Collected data
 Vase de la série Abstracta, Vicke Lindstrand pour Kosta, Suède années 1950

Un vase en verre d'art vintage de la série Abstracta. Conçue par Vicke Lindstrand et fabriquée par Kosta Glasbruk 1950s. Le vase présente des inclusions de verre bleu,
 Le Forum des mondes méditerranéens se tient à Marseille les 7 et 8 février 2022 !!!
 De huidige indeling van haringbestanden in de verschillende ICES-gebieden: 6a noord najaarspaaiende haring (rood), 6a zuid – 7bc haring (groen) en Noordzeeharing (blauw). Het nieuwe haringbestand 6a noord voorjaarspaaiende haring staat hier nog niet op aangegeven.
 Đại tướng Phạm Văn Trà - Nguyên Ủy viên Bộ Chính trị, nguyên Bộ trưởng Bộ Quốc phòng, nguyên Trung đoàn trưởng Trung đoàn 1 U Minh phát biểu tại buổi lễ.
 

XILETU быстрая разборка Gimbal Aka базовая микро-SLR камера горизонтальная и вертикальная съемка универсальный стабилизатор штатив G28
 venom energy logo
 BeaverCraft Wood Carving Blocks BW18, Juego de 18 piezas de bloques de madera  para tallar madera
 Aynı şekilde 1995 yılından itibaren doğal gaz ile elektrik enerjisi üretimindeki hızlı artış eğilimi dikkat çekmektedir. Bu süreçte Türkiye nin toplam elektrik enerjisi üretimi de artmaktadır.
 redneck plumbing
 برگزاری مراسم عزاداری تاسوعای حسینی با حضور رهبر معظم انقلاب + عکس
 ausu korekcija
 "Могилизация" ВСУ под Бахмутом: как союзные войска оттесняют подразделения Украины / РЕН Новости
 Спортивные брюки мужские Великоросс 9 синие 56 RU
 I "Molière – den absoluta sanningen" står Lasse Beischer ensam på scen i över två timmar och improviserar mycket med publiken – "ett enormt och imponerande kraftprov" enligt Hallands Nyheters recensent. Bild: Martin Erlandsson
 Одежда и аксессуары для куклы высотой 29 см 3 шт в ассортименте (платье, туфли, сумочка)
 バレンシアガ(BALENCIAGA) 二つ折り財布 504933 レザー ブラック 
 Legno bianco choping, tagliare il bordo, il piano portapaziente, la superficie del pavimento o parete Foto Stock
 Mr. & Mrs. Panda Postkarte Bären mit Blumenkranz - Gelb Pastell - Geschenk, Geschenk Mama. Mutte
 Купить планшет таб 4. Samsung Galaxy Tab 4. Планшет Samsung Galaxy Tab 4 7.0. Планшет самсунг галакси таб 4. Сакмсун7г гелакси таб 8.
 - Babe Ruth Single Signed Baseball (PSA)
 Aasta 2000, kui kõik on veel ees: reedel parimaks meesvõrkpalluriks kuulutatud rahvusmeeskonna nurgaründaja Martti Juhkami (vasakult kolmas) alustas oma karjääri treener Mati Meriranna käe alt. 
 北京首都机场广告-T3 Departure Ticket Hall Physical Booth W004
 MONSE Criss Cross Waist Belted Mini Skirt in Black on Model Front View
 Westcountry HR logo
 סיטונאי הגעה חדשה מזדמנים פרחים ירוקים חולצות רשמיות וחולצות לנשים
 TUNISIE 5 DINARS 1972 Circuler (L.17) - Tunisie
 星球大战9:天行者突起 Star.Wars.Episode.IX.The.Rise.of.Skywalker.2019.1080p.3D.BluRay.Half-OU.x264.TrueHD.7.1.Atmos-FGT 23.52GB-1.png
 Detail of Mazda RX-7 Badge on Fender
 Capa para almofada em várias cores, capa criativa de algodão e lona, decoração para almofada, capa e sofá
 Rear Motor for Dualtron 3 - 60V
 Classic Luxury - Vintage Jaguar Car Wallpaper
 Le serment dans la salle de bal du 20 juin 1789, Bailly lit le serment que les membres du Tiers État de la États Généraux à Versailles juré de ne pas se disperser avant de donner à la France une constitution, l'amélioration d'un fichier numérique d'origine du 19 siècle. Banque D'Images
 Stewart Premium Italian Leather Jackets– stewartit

* _ASSIGNED TASK_: Return exactly the line that contains "Aasta 2000, kui" and every line after it, through the last line of the records.

* _RESULT OF THE EXERCISE_:
 Aasta 2000, kui kõik on veel ees: reedel parimaks meesvõrkpalluriks kuulutatud rahvusmeeskonna nurgaründaja Martti Juhkami (vasakult kolmas) alustas oma karjääri treener Mati Meriranna käe alt. 
 北京首都机场广告-T3 Departure Ticket Hall Physical Booth W004
 MONSE Criss Cross Waist Belted Mini Skirt in Black on Model Front View
 Westcountry HR logo
 סיטונאי הגעה חדשה מזדמנים פרחים ירוקים חולצות רשמיות וחולצות לנשים
 TUNISIE 5 DINARS 1972 Circuler (L.17) - Tunisie
 星球大战9:天行者突起 Star.Wars.Episode.IX.The.Rise.of.Skywalker.2019.1080p.3D.BluRay.Half-OU.x264.TrueHD.7.1.Atmos-FGT 23.52GB-1.png
 Detail of Mazda RX-7 Badge on Fender
 Capa para almofada em várias cores, capa criativa de algodão e lona, decoração para almofada, capa e sofá
 Rear Motor for Dualtron 3 - 60V
 Classic Luxury - Vintage Jaguar Car Wallpaper
 Le serment dans la salle de bal du 20 juin 1789, Bailly lit le serment que les membres du Tiers État de la États Généraux à Versailles juré de ne pas se disperser avant de donner à la France une constitution, l'amélioration d'un fichier numérique d'origine du 19 siècle. Banque D'Images
 Stewart Premium Italian Leather Jackets– stewartit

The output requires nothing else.